Dans notre précédente livraison, nous évoquions les tentatives de regroupements et les tractations ou les tentatives de la Diaspora africaine en Europe qui ont abouti à la mise en place de l’OUA le 25 Mai 1963 à Adis Abéba en Ethiopie . Enfin, nous continuons cette série pour mieux comprendre les tenants et les aboutissants , les efforts et d’ailleurs des sacrifices consentis par les pères fondateurs . J’ai donc pensé que cette contribution pourrait aider à mieux saisir la portée historique et la courageuse idée qui ont amené nos précurseurs à construire l’Afrique à travers le Panafricanisme . Nous nous sommes arrêtés à l’année 1921 qui fut celle qui avait vu la naissance des Mouvements antiracistes aux Etats Unis d’Amérique à l’endroit des noirs .Nous continuons notre contribution toujours tirée de nos travaux universitaires et de notre livre « De l’Organisation de l’Unité Africaine OUA à l’Union Africaine UA S’Unir pour Construire » Contribution à l’Unification d’un Continent.
LE TROISIEME CONGRES PANAFRICAIN DE PARIS ET DE LISBONNE EN 1923
Comme nous le voyons , l’opinion sur le Panafricanisme commençait à naitre et, du coup elle fut répandue en 1923 , si bien que le Dr DUBOIS qui fut pourtant l’un des promoteurs des rencontres africaines , s’était curieusement heurté à l’hostilité , craignant que le mouvement ne soit illégal. D’ailleurs, cette méfiance à l’égard du Dr Du Bois a été manifestée par un autre Panafricaniste , Marcus Garvey qui le taxait de complaisance à l’égard des blancs pour avoir fait des concessions à ceux- ci .
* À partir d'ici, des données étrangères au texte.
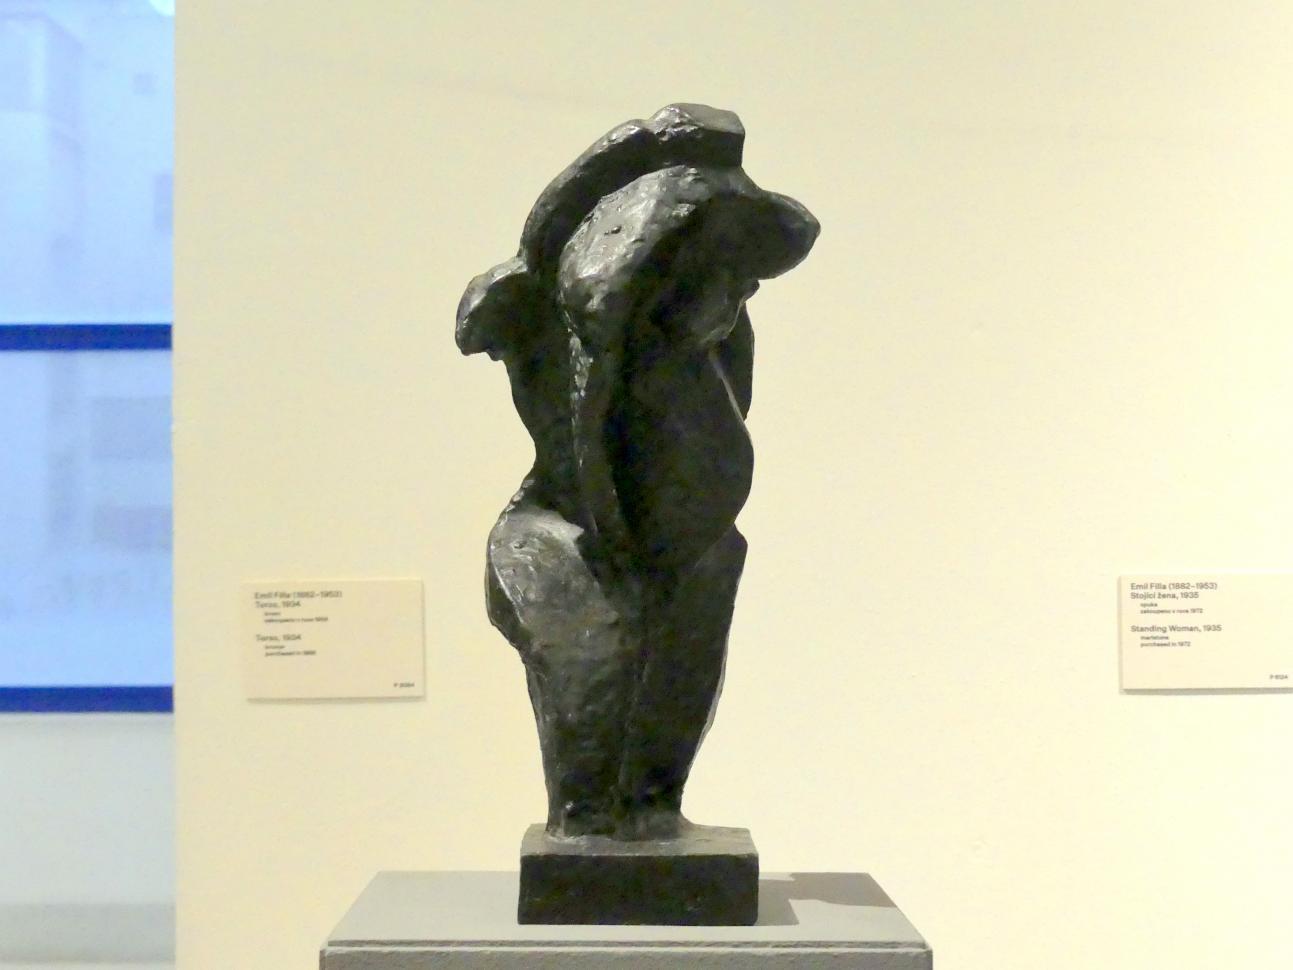 Emil Filla: Torso, 1934
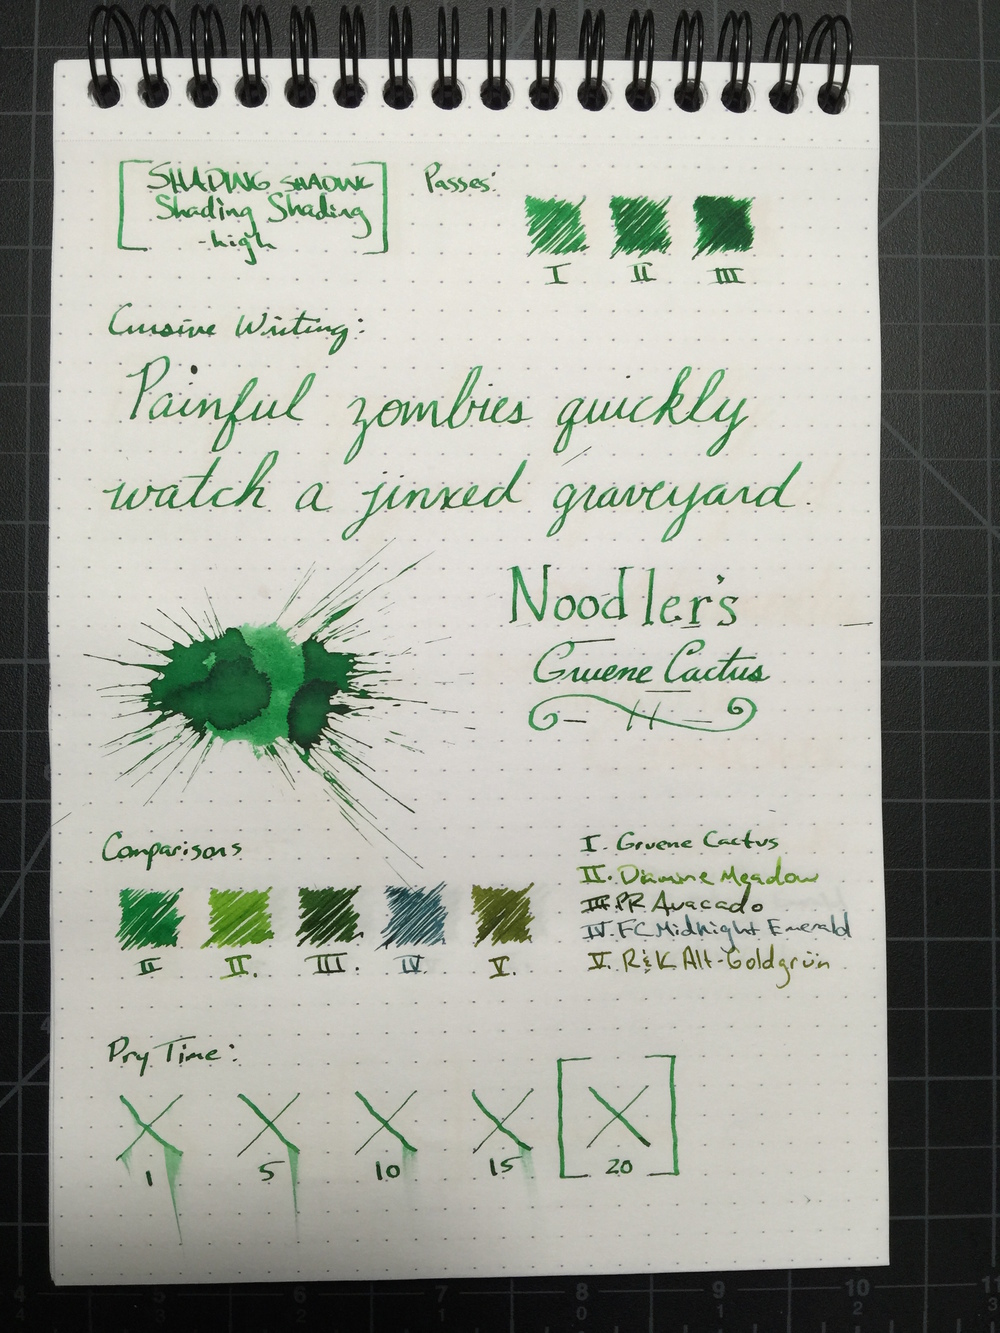 gruene-cactus-review

Cette dualité entre les promoteurs de l’Unité et de l’Union des noirs , démontre combien le sujet était si important et occupait par conséquent une place de choix à l’époque . D’ailleurs, à chaque moment, les tendances se dessinaient et naissaient . Elles se démarquaient en créant soit des courants au sein de ces mouvements ou alors, elles se séparaient . Le consensus étant parfois difficile à réaliser les objectifs, les méthodes , les visions et les cheminements se trouvaient parfois contradictoires . Ce fut le cas du Dr Dubois et de Marcus Garvey qui , tous deux étaient les véritables inspirateurs d’un mouvement Panafricain , une doctrine que partageaient pourtant l’un et l’autre. On constate d’ailleurs que le leadership est non seulement une fonction qui demande beaucoup d’efforts mais , de finesse et de courage également . Elle exige assez de qualités pour guider et orienter un groupe ou groupe de Communauté . Ce Congrès va se dérouler simultanément à Paris et à Lisbonne . Les assistants étaient peu nombreux mais, il n’empêche que cette rencontre a vu s’affirmer l’idée d’un Panafricanisme en Europe d’abord et enfin en Afrique . Les Congressistes comme les précédents vont défendre d’abord les décisions prises au cours des rencontres ultérieures ainsi que les acquis avant de faire d’autres propositions . Celles issues de ce troisième Congrès qui étaient les suivantes « Que les noirs accèdent au gouvernement local puis à l’enseignement gratuit pour tous . Les délégués insistèrent pour que la résistance armée soit reconnue aux noirs là où ils font l’objet d’attaques armées de la part des blancs . D’ailleurs, les Congressistes réclameront le désarmement entre les grandes Nations et l’instauration de la Paix . Des résolutions seront prises pour solliciter l’organisation du commerce et de l’Industrie afin qu’elle ne profite pas à une minorité des blancs. Au Portugal , l’ancien Ministre des colonies réclamait à son tour l’abolition totale de l’esclavage et du travail forcé dans les plantations en Angola et en Afrique Portugaise .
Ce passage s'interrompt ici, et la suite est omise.